My personal experience is that this is something that depends heavily on context. During my own career I have taught classes of children who have needed very little reading instruction and vice versa - I am judging this simply on their ability to understand what they have read. A cursory analysis of the differences between these classes reveals that it appears to me to be the children who have been brought up in a language-rich, book-rich environment who, by the time they are 10 or 11, can read exceptionally well and don't need teaching how to comprehend what they have read. Of course, some children will have been brought up in such an environment and still need help with their reading.
Why does context matter? Well, for the purposes of this blog post, it matters because what one teacher in one classroom in one school somewhere does, might not work for another teacher somewhere else.
For example, a reading lesson consisting of asking children to complete two pages of mixed written comprehension questions might work with children who can already decode, comprehend and encode, but it is questionable as to how much they will have actually learned during that lesson. A lesson like this might have the appearance of being successful in one setting but, share those resources online with a teacher in a different context and they might not experience the same levels of apparent success. The children in the second teacher's class might need teaching some strategies before they can access such an activity.
And what does said activity amount to in reality? Just another test. Weighing the pig won't make it fatter - it's just that weighing it also won't make it any lighter either: if a child can read already, then these kinds of activity might do no harm. But we must be clear: this practice of repeatedly giving children comprehension activities composed of mixed question types is not really teaching children much. However, perhaps the stress, or boredom, of constantly being weighed might start to have negative consequences for the pig: children are potentially put off reading if their main experience of it is repetitive comprehension activities.
So, if weighing the pig doesn't make it fatter, what does? Feeding it. But with what should we feed them with? What should we teach them in order to help them to read words and understand what they mean as a whole?
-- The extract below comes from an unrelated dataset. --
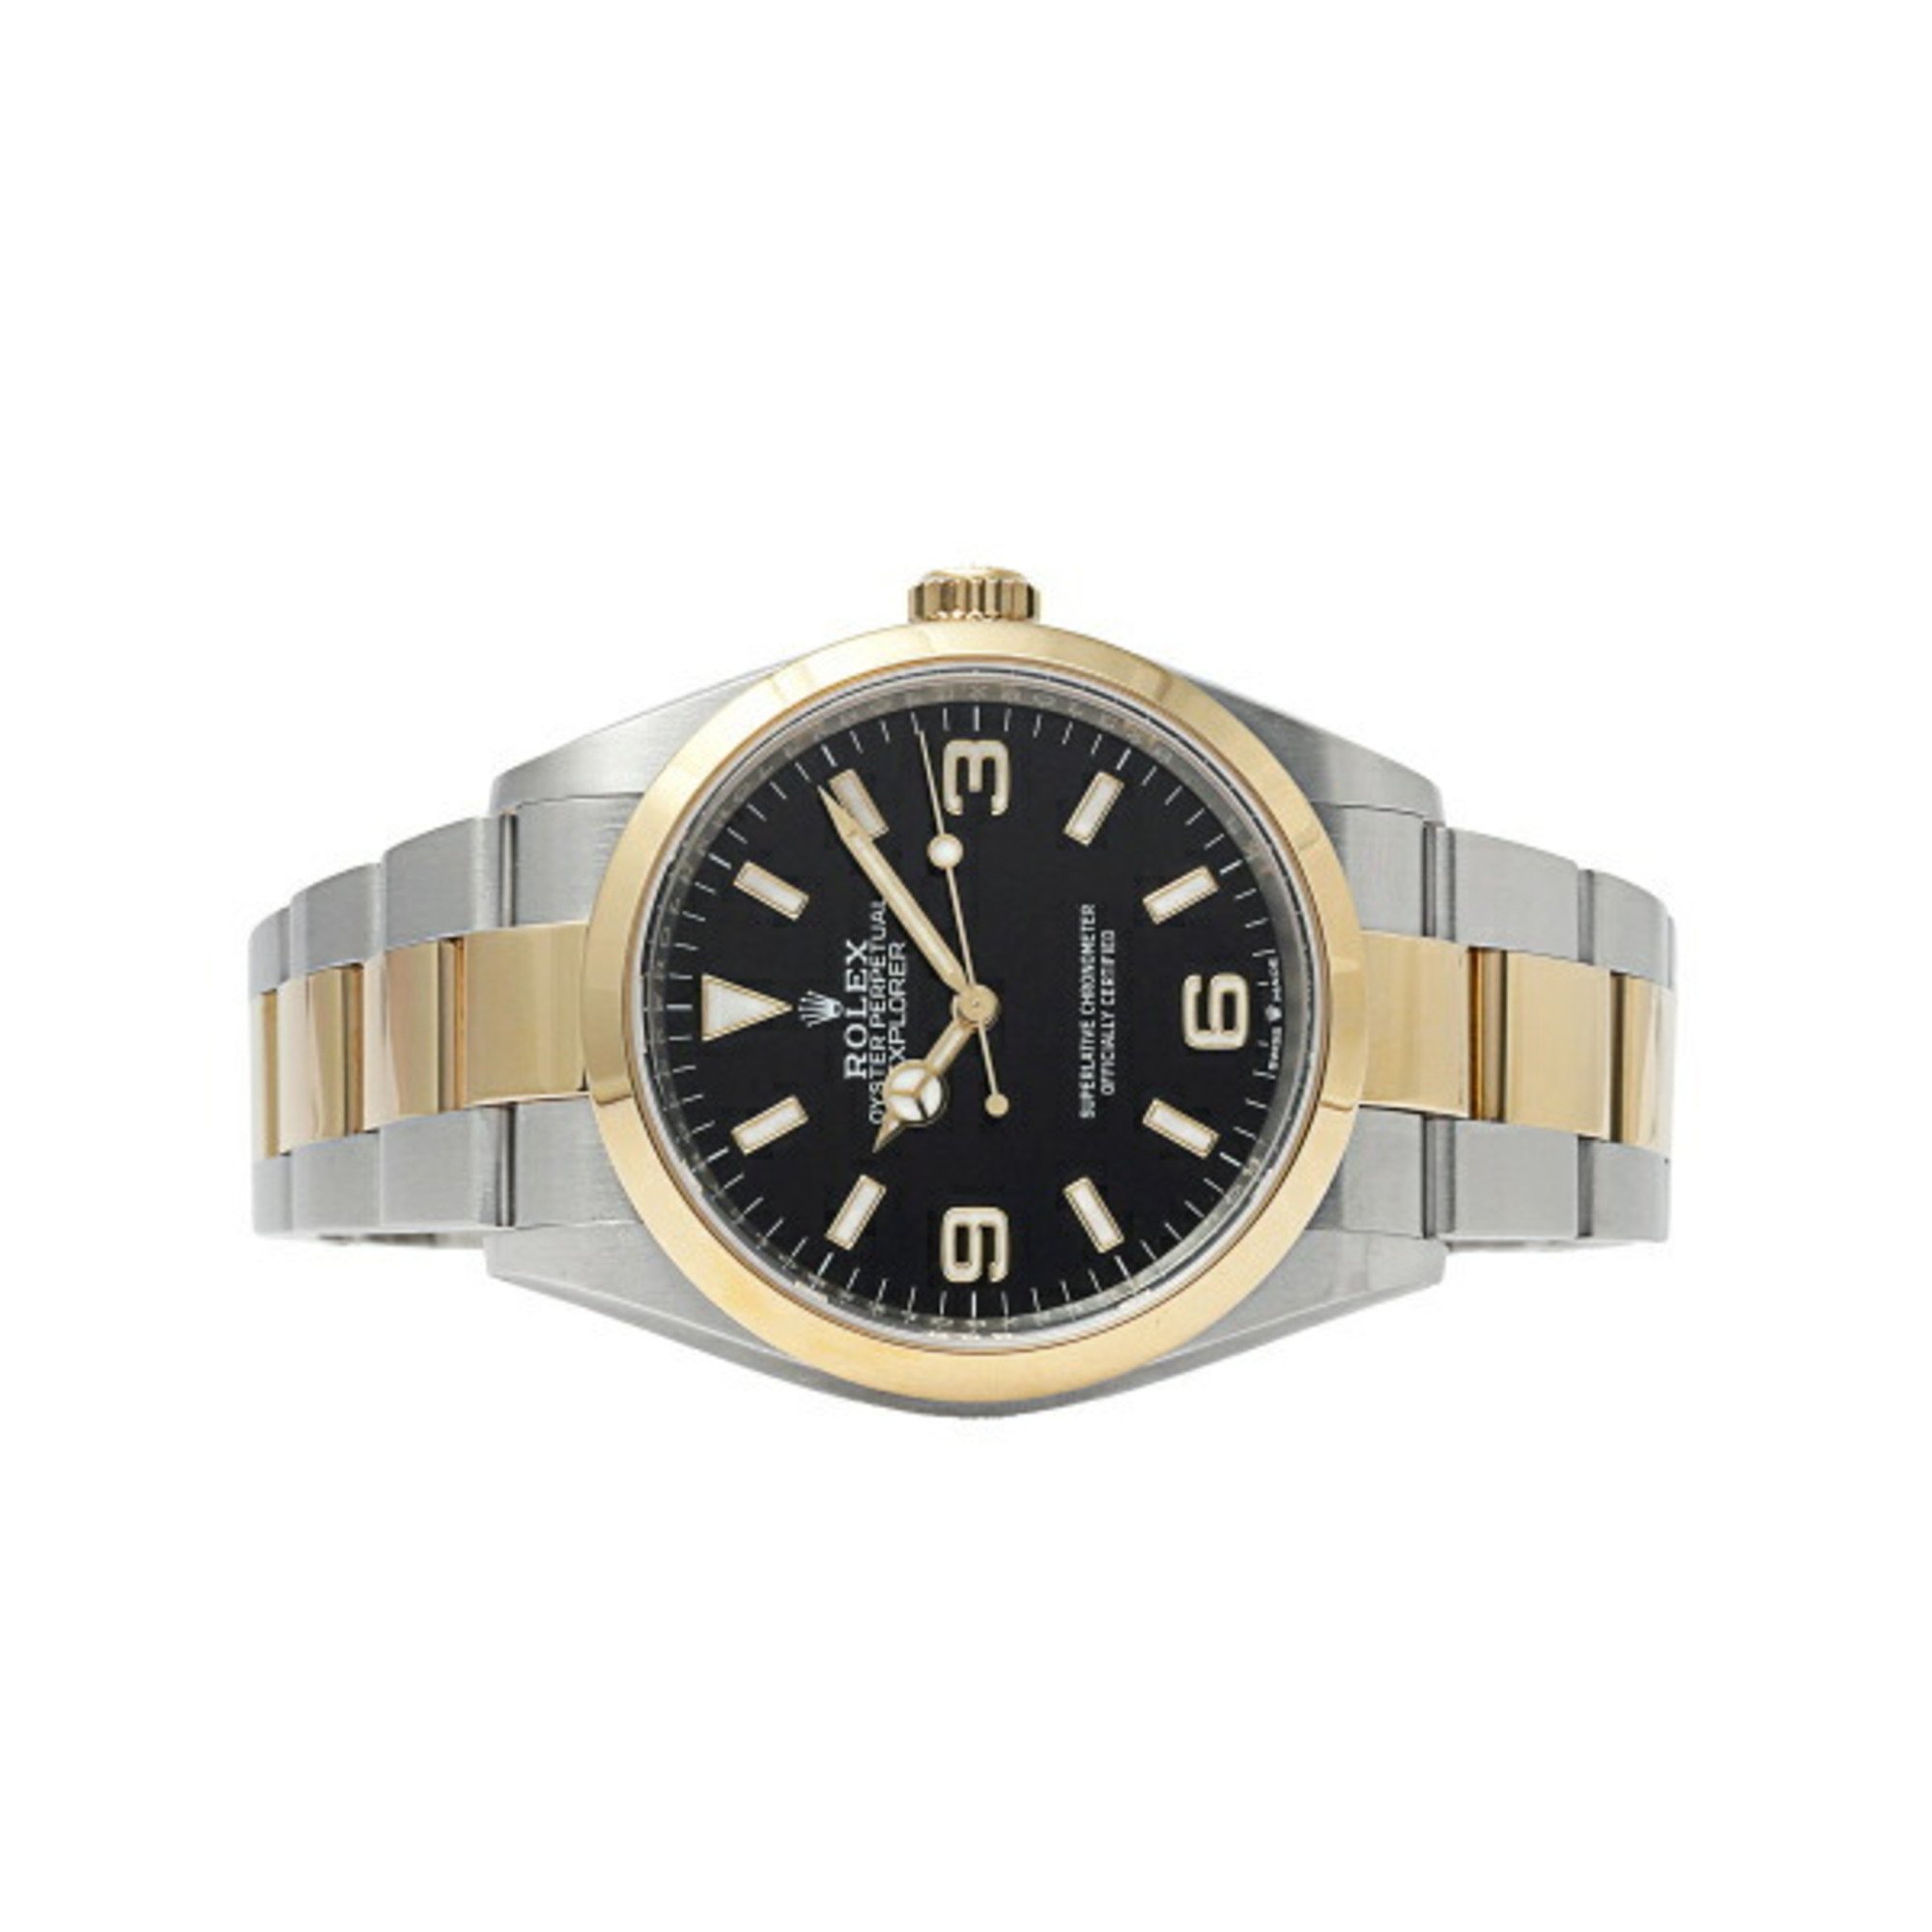 Rolex Explorer 36 124273 Black Dial Watch Men's

Is it as simple as Michael Rosen suggests? Is it just a case of sharing books with children and talking about them? I've seen first-hand anecdotal evidence which certainly suggests that 'Children are made readers on the laps of their parents' (Emilie Buchwald). My own children, taught very well to decode using phonics at school, also appear to be excellent comprehenders - they have grown up around family members who read an awful lot, have had models of high quality speech, have partaken in a wide variety of experiences, have broad vocabularies and spend a good deal of their own time reading or being read to. Give them a two-page comprehension activity and they'd probably ace it. However, as already mentioned, this certainly won't be the case for every child brought up in such a way.
But what should schools do when they receive children who haven't had the privilege of a language-rich, book-rich and knowledge-rich upbringing, or those for whom that hasn't quite led to them being excellent readers? Downloading someone else's comprehension sheets and making children spend half an hour doing them isn't going to help them to become better readers. Should we teachers be trying to 'fill the gap' - to do the things that some children experience at home before they've ever even set foot in a school? Or is it too late once they're in school? Does the school-based approach need to be different?